## Problem statement:
From the listing below, output only the lines starting at the line that has "Kingsville is celebrating" and ending at the line that has "Page 196 from", exactly as they appear, ends included.

## Data provided:
○ ○ ○ ○
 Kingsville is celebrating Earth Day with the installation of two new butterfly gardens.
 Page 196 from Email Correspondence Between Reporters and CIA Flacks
○ ○ ○ ○
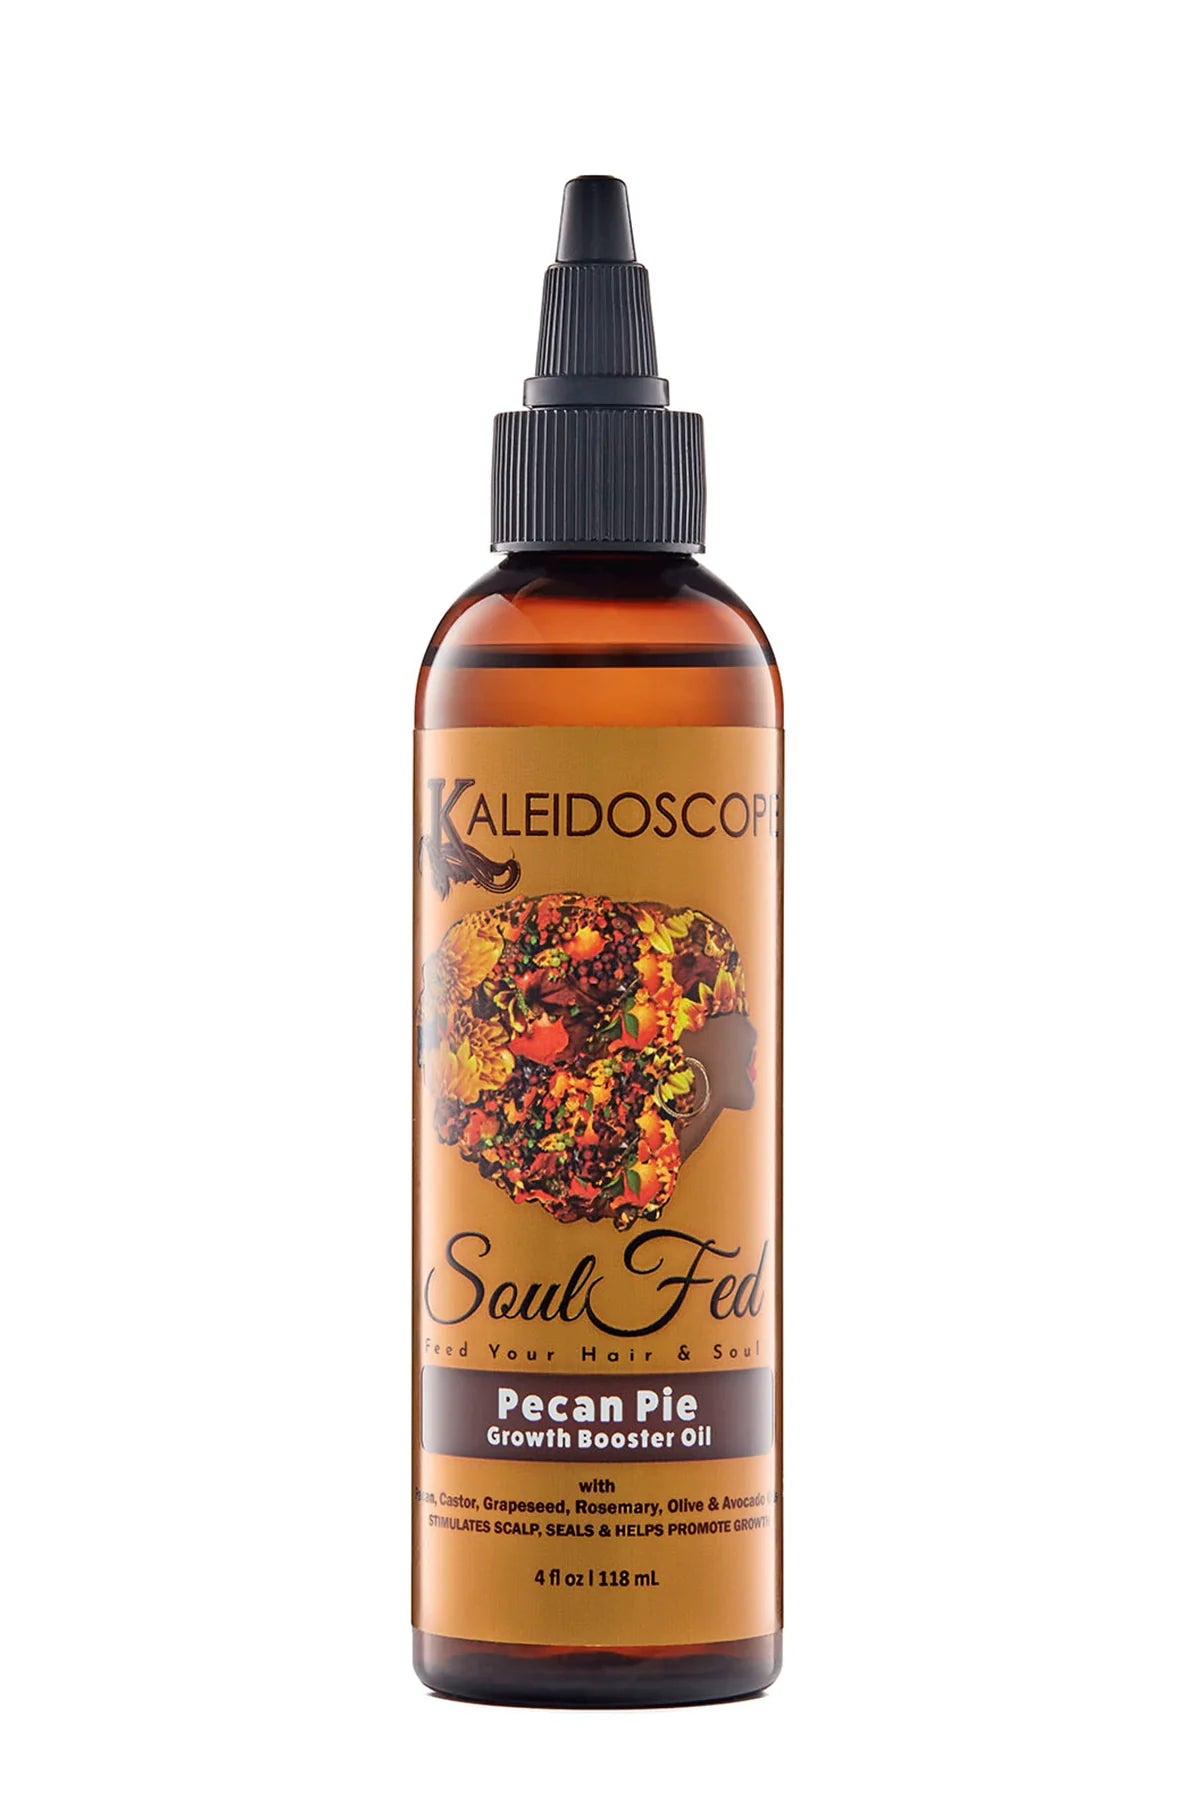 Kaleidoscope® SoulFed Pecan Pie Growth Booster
○ ○ ○ ○
## Exercise result:
 Kingsville is celebrating Earth Day with the installation of two new butterfly gardens.
 Page 196 from Email Correspondence Between Reporters and CIA Flacks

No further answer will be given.